Give again, word for word, the lines below that run from the line with "100x250cm Modern Jacquard" through the line with "Handmade Genuine Green". Drop the pictures.

**Data for review**
::::::::

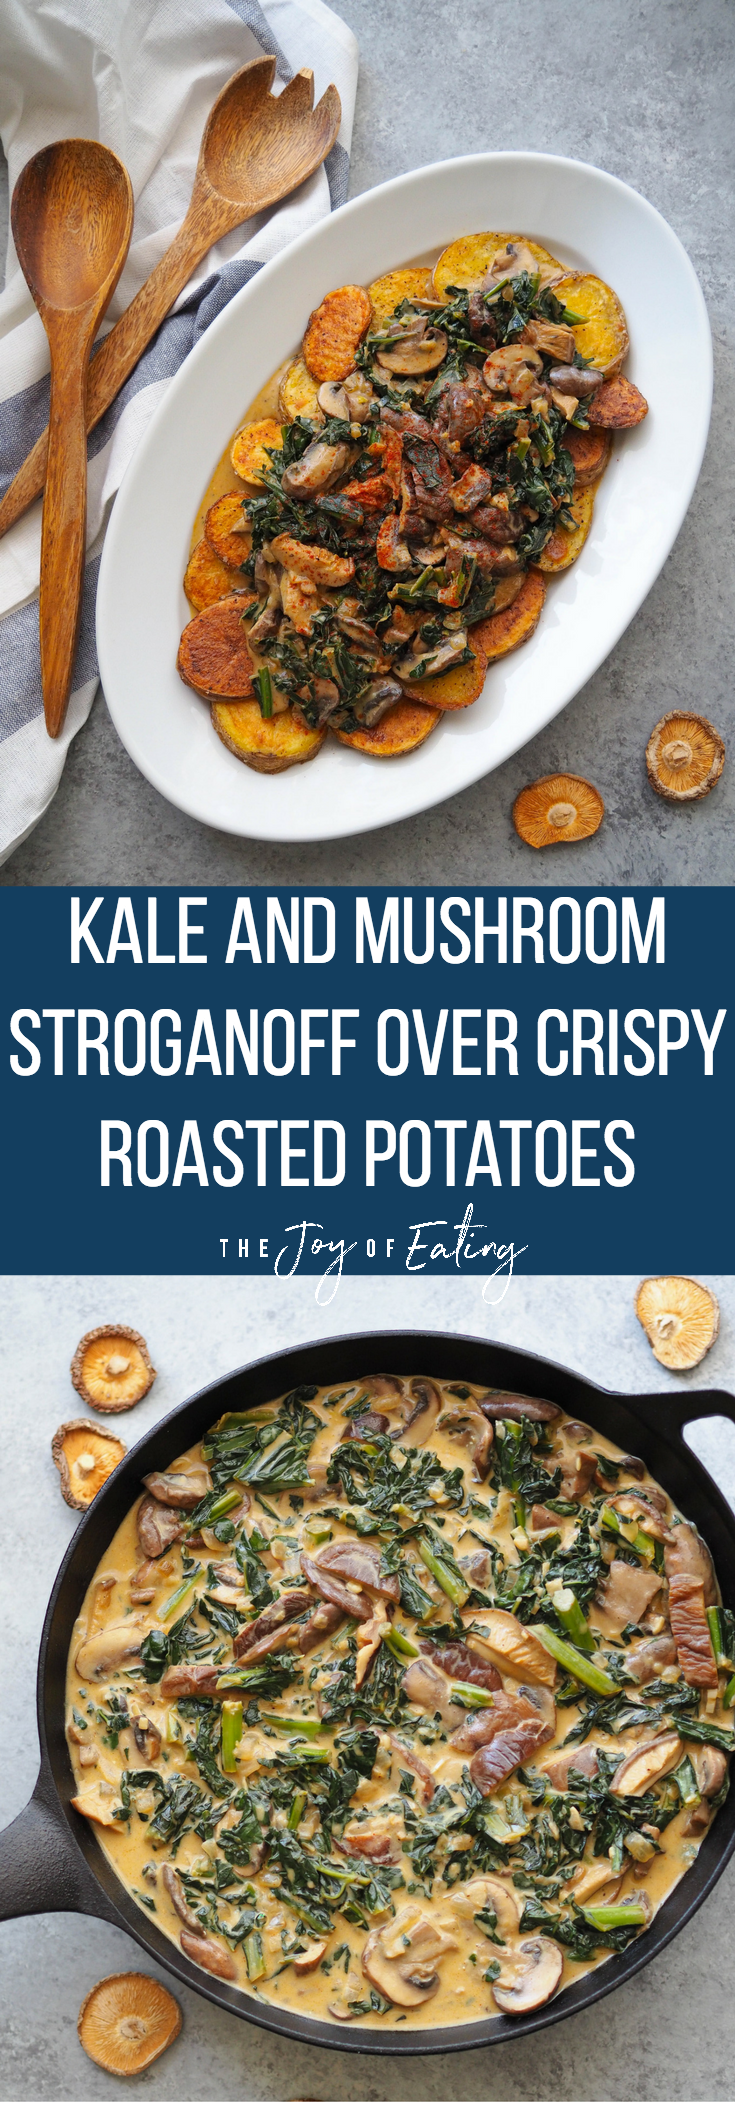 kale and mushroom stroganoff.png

::::::::

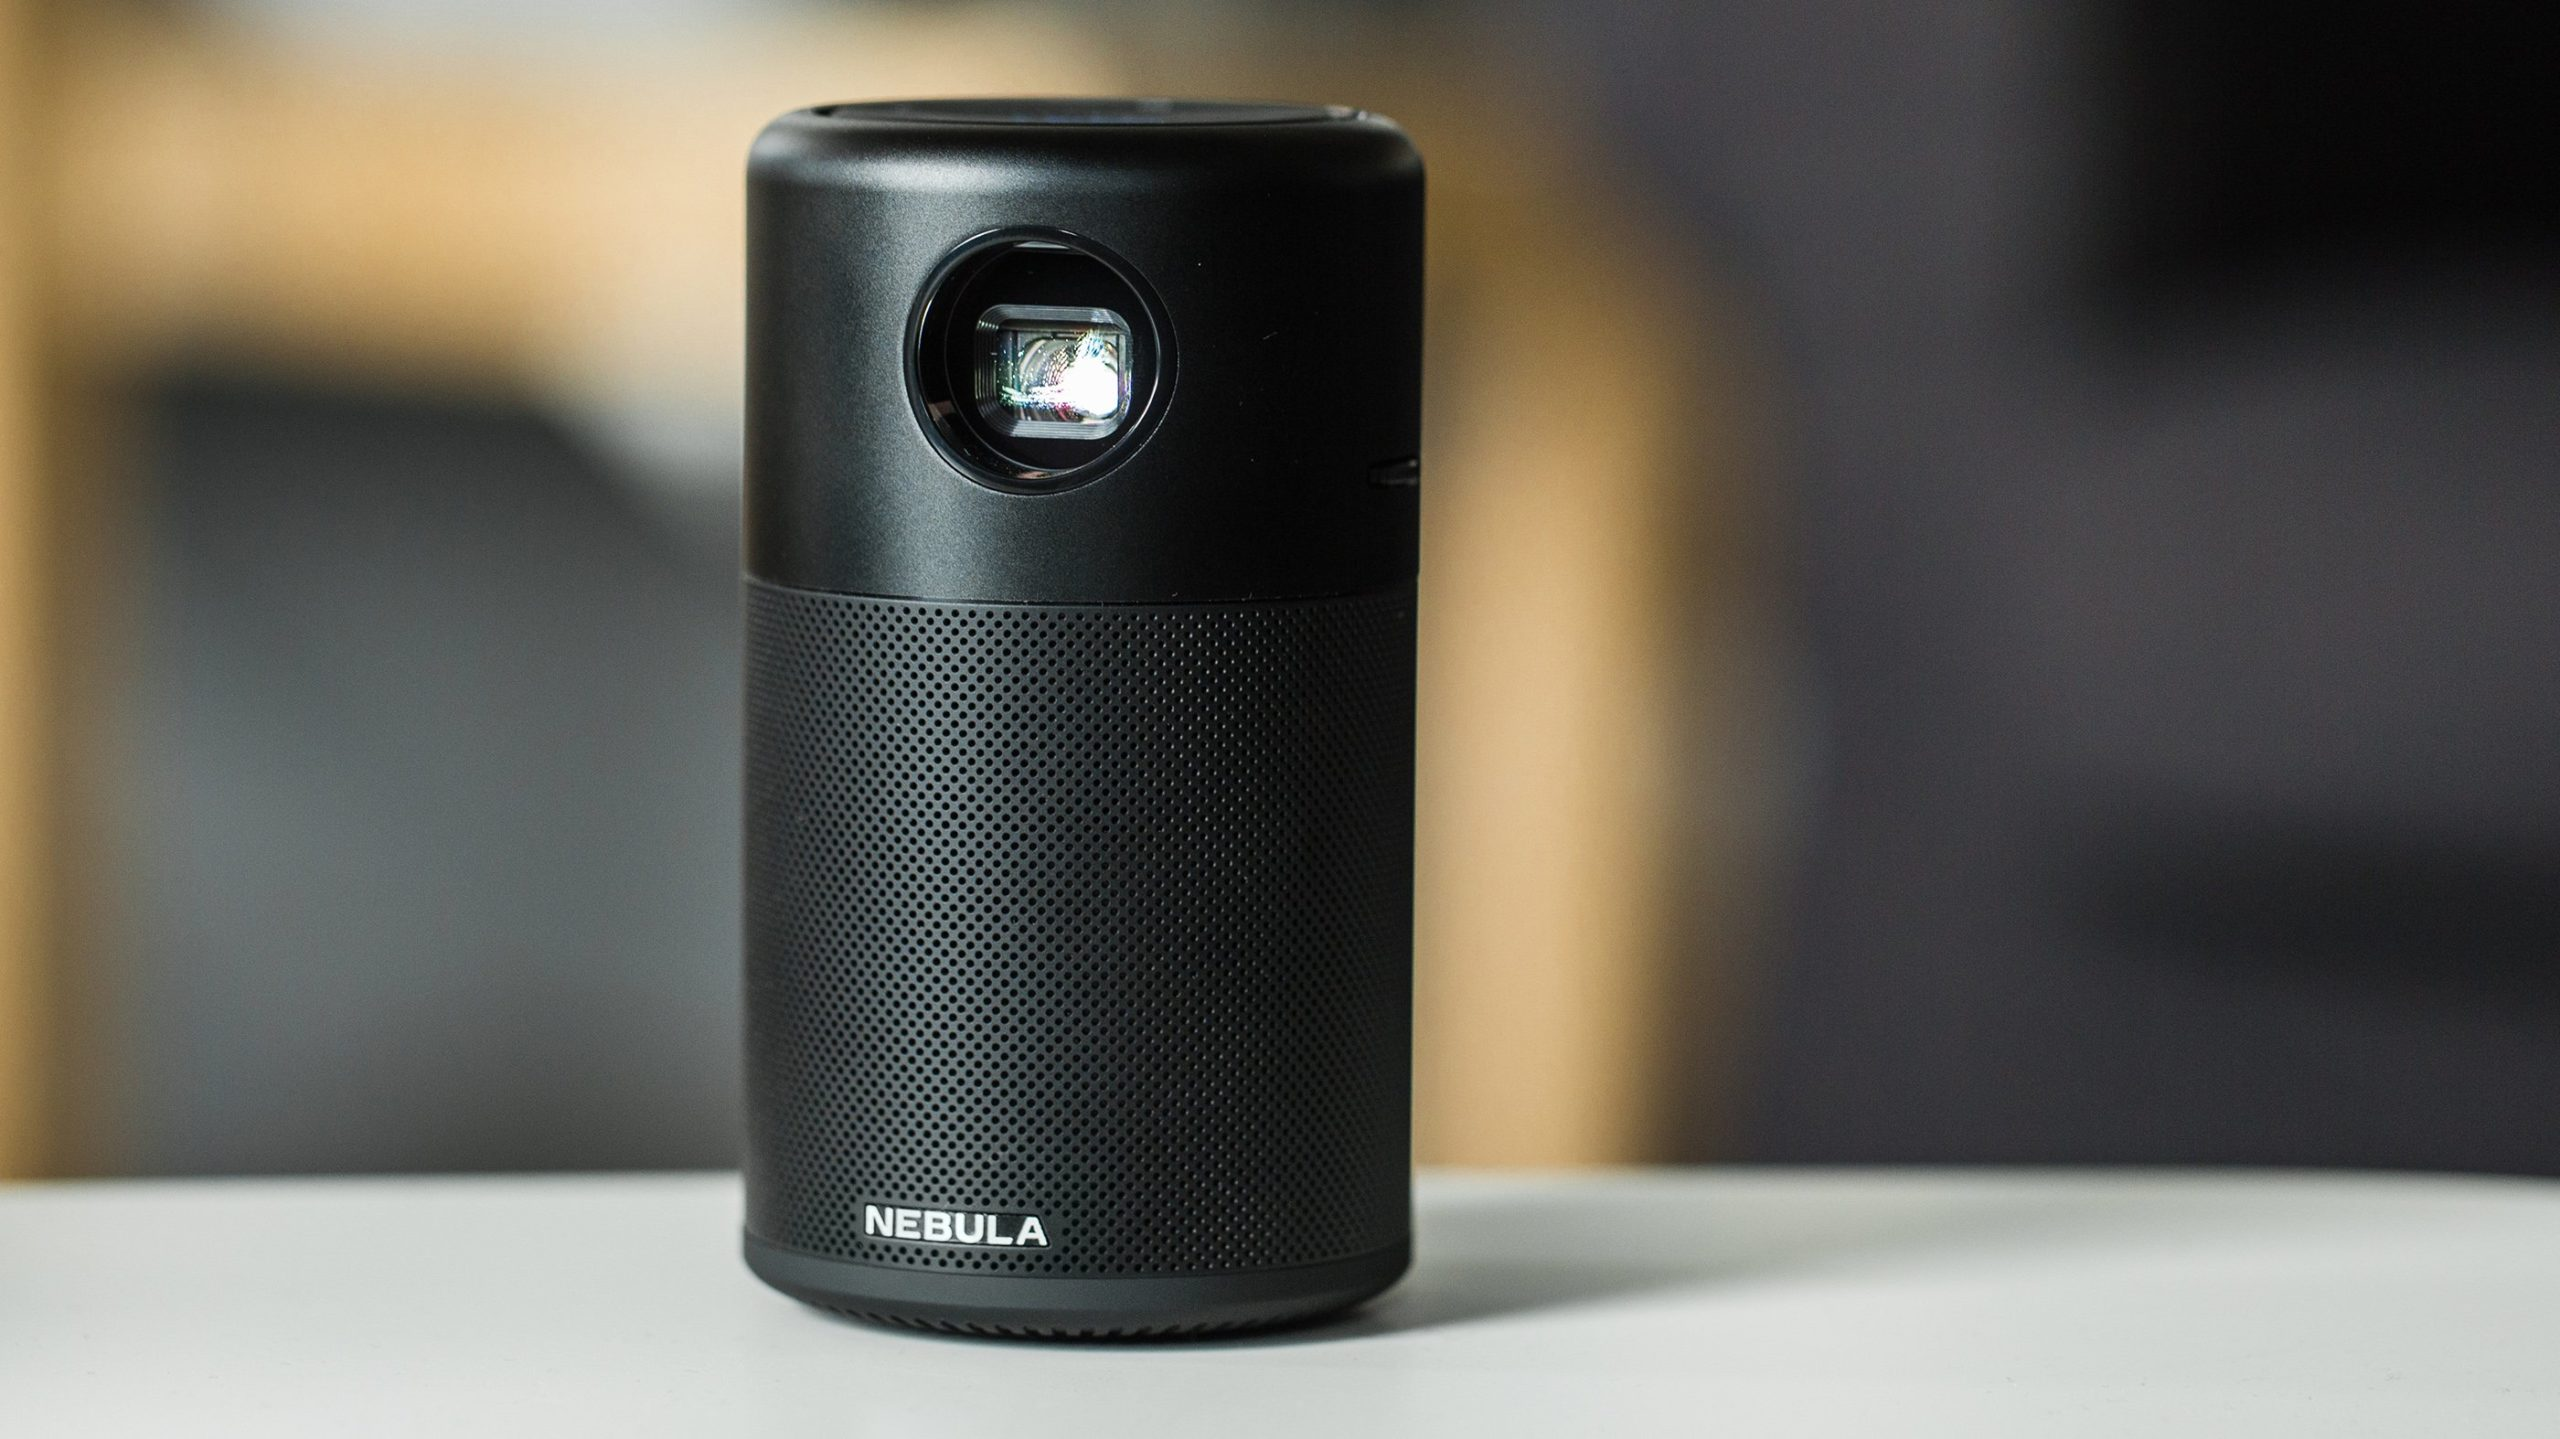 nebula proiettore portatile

::::::::

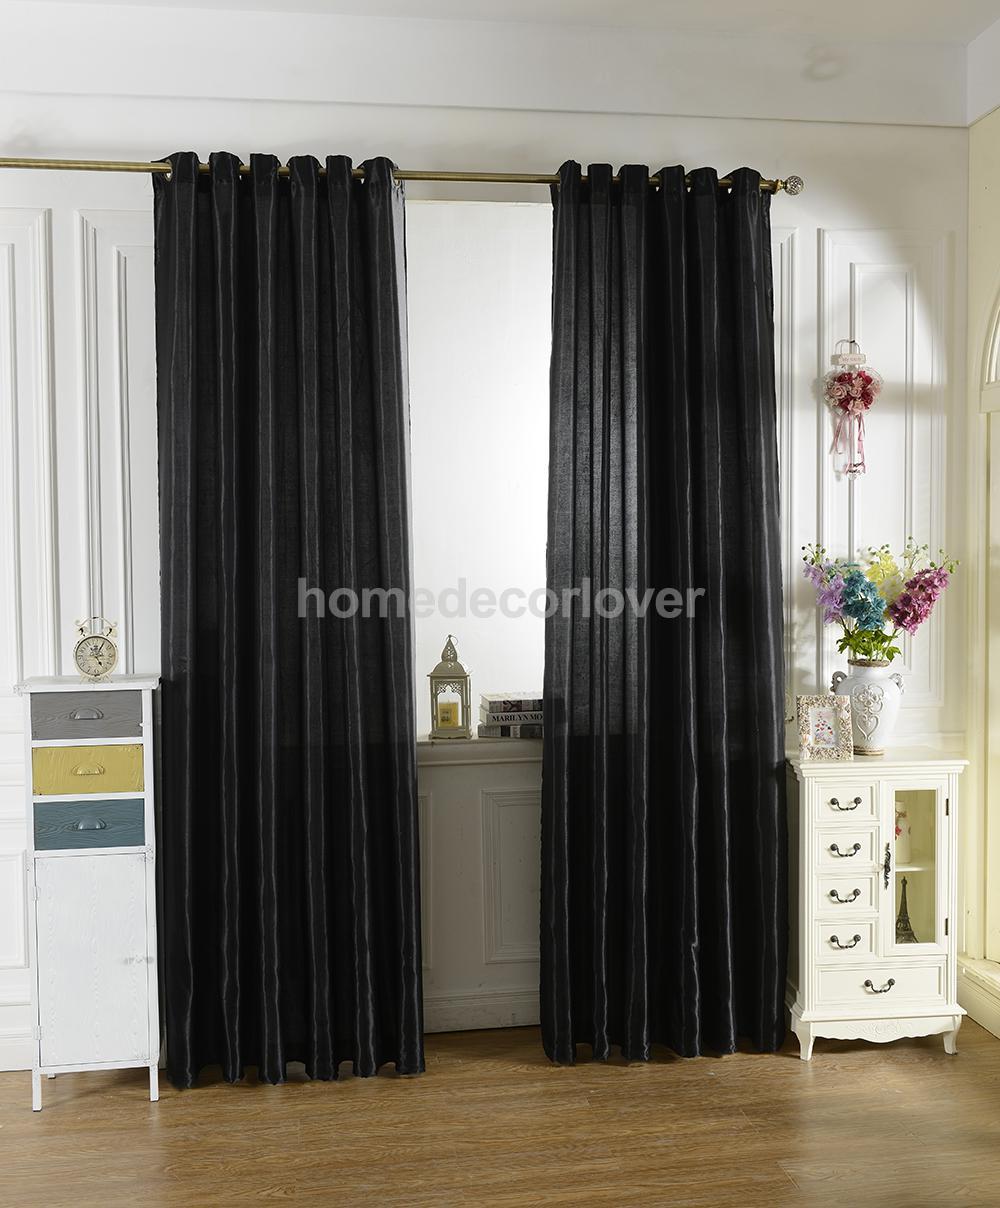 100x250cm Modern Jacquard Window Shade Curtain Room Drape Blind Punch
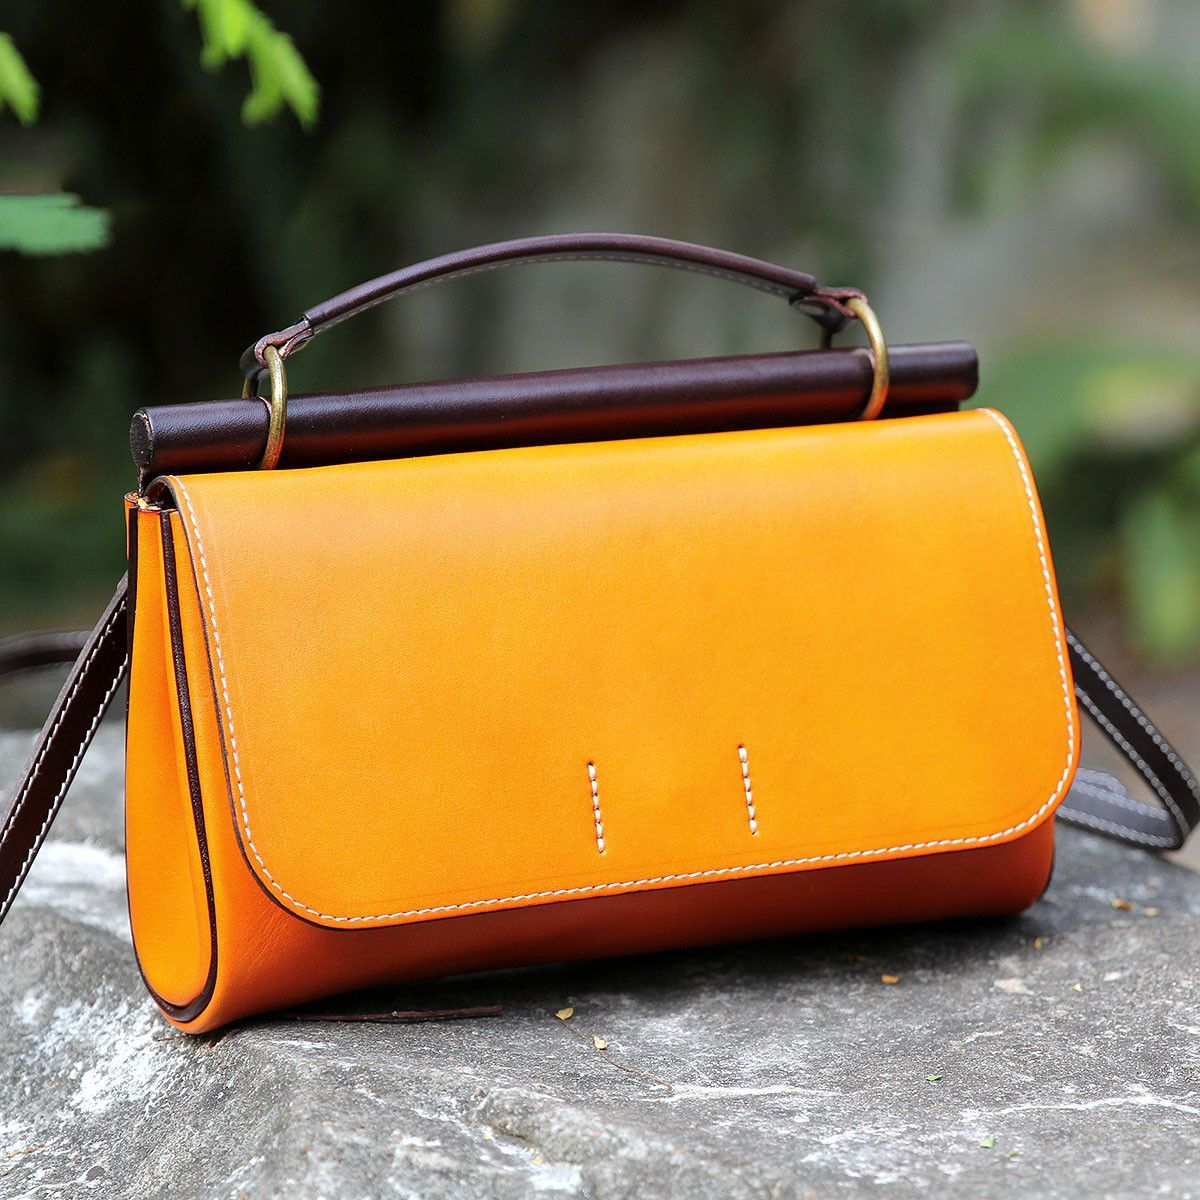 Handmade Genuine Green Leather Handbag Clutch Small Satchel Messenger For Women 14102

::::::::

**Result for this exercise**
 100x250cm Modern Jacquard Window Shade Curtain Room Drape Blind Punch
 Handmade Genuine Green Leather Handbag Clutch Small Satchel Messenger For Women 14102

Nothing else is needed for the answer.